10. A mitogen according to any one of the preceding claims wherein the mitogen is NSC-MF-1 and/or NSC-MF-2.

II. A mitogen according to any one of the preceding claims wherein the mitogen is obtainable from a method comprising the use of sequential Sepharose 4B and anion exchange chromatographic techniques to at least partially purify the mitogen from other contaminating proteins.

12. A method for culturing eukaryotic cells in vitro in a medium comprising a mitogen according to any previous claim.

13. A method for culturing eukaryotic cells in vitro in a medium comprising an exogenously added mitogen according to any previous claim.

14. A method for culturing eukaryotic cells in vitro in a medium comprising exogenously added conditioned medium according to any previous claim.

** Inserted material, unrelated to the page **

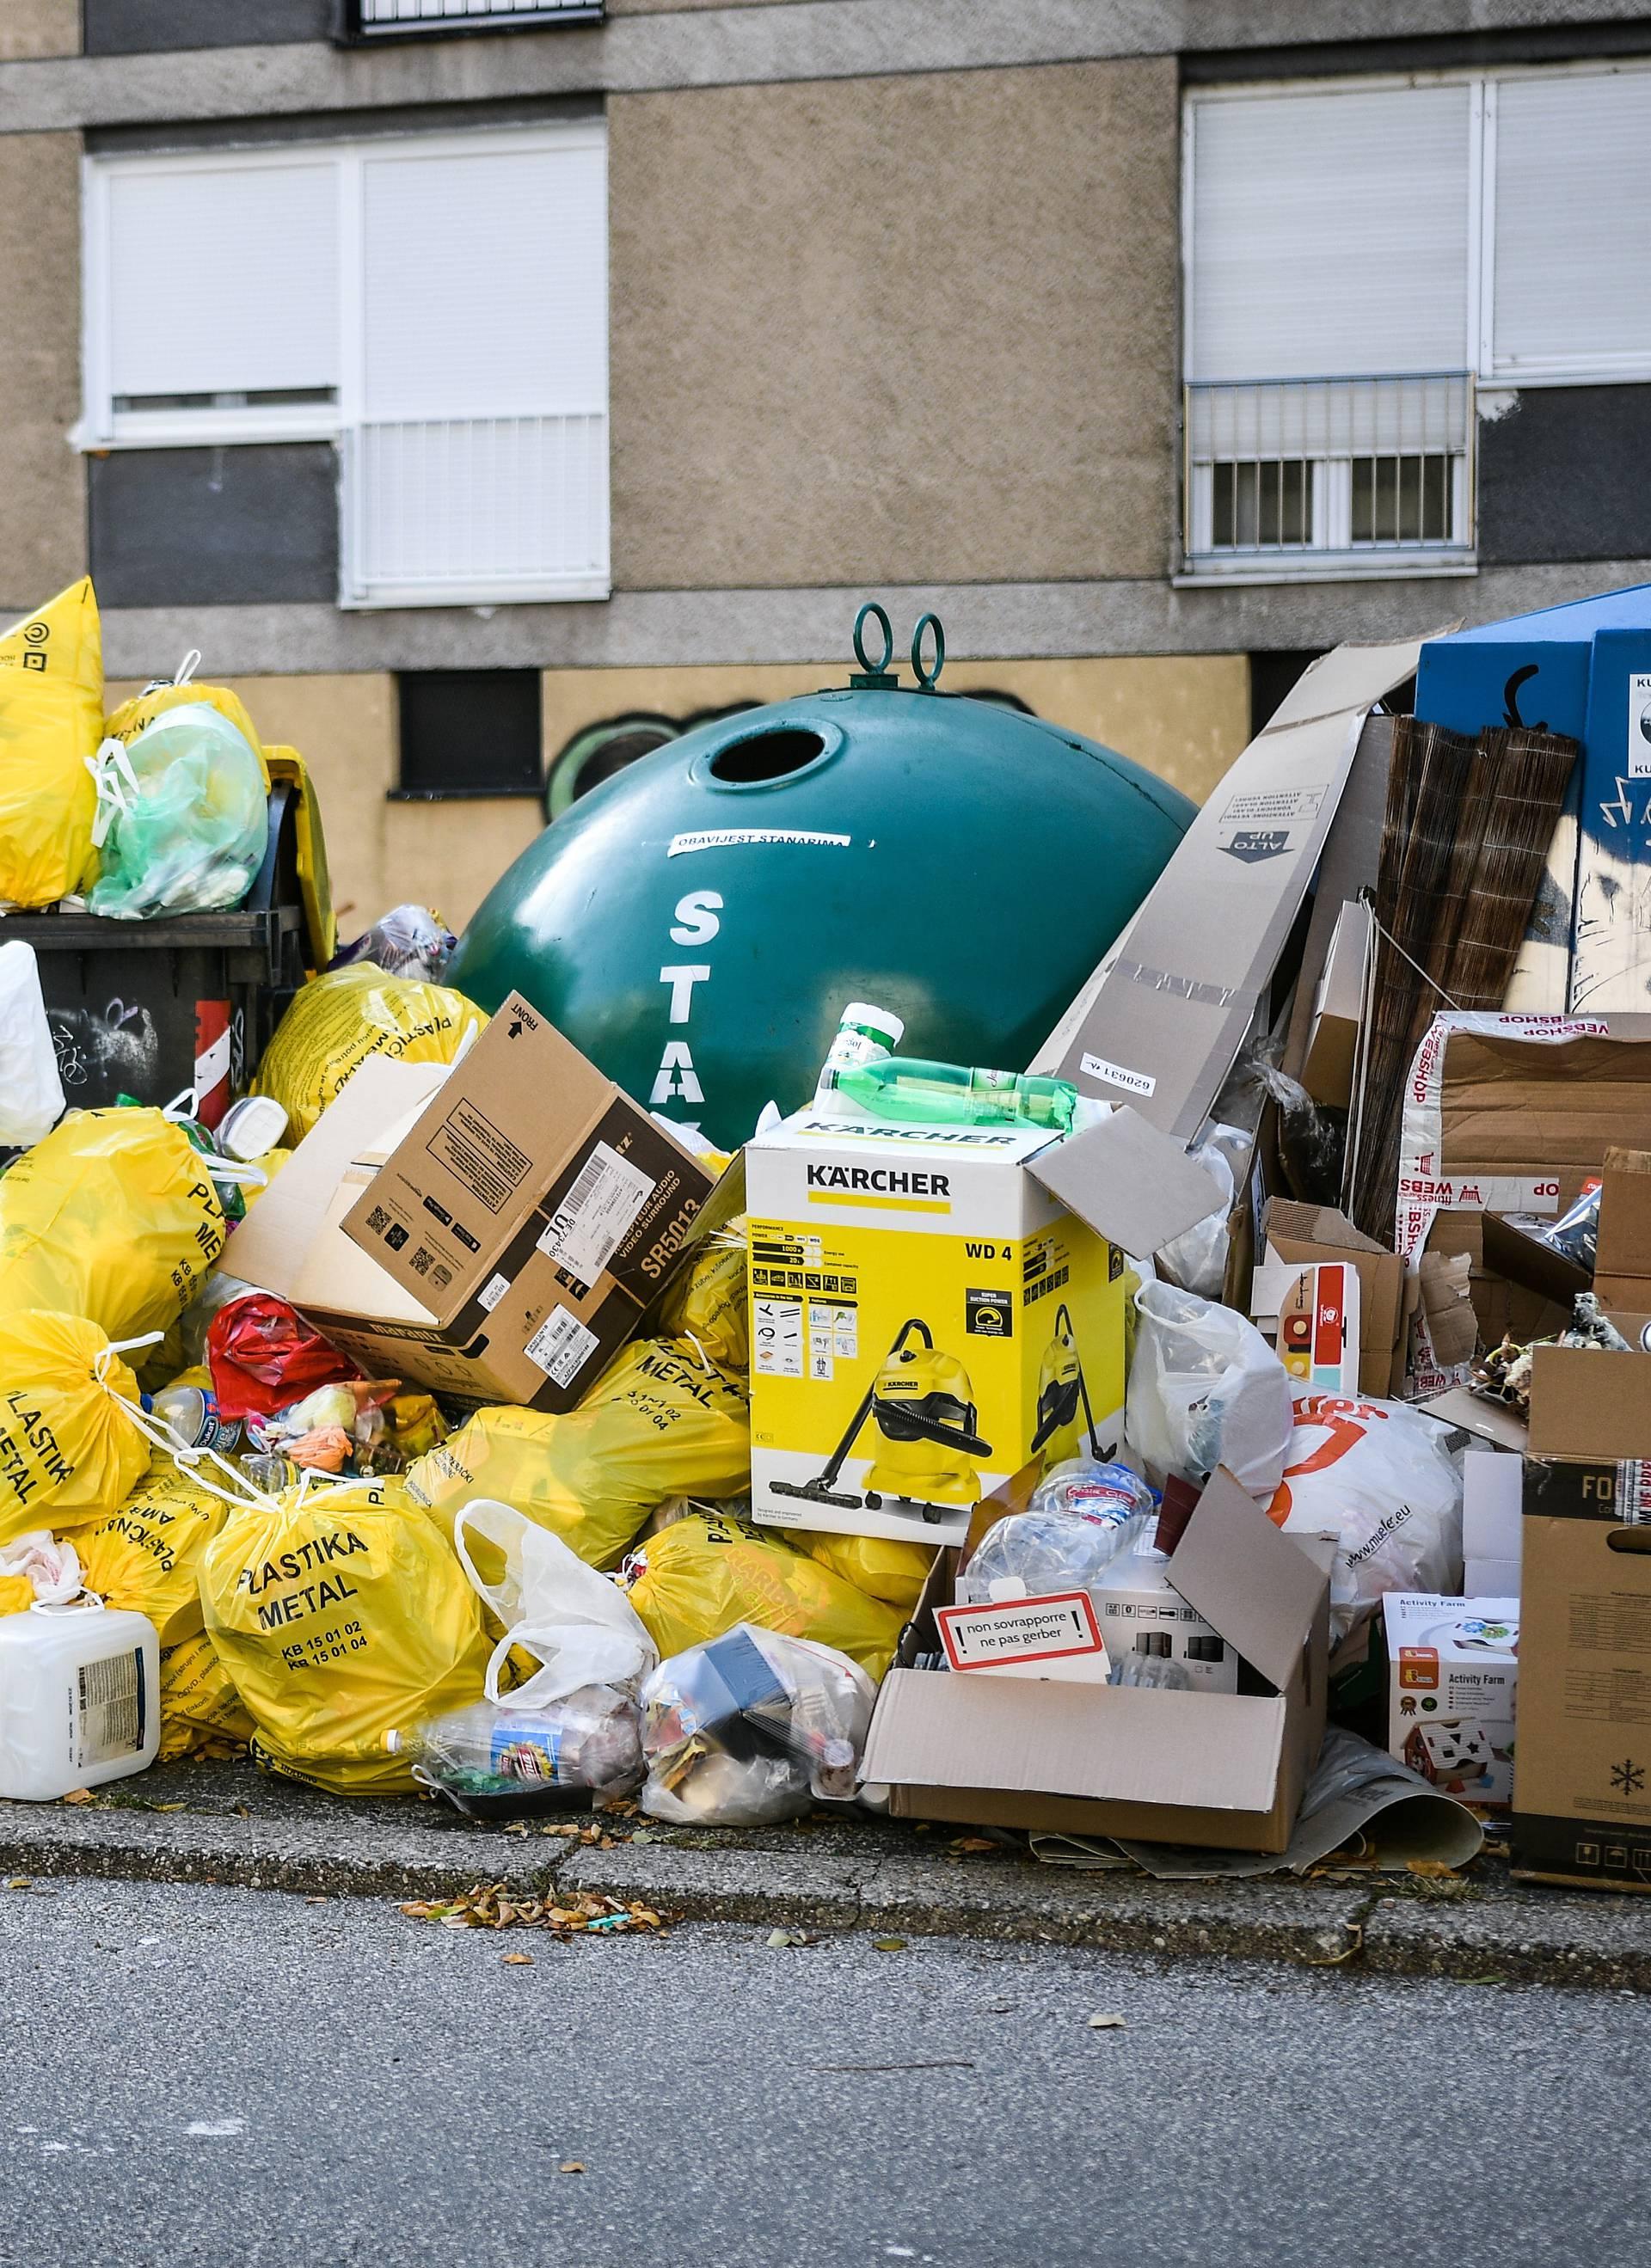 Smrdi, smrdi, užasno smrdi: U kontejnerima više nema mjesta

15. A method for promoting cell survival comprising culturing said cell in medium comprising an exogenously added mitogen according to any previous claim.

16. A method for promoting cell survival comprising culturing said cell in medium comprising exogenously added conditioned medium according to any previous claim.

17. A mitogen according to any previous claim wherein said mitogen is a protein or fragment thereof.

18. A mitogenic composition comprising a mitogen according to any previous claim, and/or comprising conditioned medium according to any previous claim.

19. A method for the preparation of a mitogenic composition comprising

(i) providing a suitable diluent

(ii) adding a mitogen and/or conditioned medium according to any previous claim thereto.

20. A method for modulating the mitogenic effect of a first mitogen comprising adding a suitable amount of a second mitogen according to any previous claim.

21. A method for augmenting the mitogenic effect of a factor selected from GM- CSF, LIF, EGF, FGF, IGF-1, FGF-8, thrombopoietin or neurotrophin-3, comprising adding an augmenting amount of a mitogen according to any previous claim.

22. A method for propagating a cell, said method comprising incubating said cell in a medium comprising a mitogen according to any previous claim.

23. A method for potentiating neural cell growth as shown in the accompanying drawings comprising the use of a mitogen according to the invention as described herein.

24. Use of a mitogen according to any previous claim to selectively potentiate the proliferation of progenitor cells that give rise to an increase in neurons.

25. A method of increasing the proportion of neurons developing from a population of neural stem cells, said method comprising contacting said population of neural stem cells with a mitogen according to any previous claim.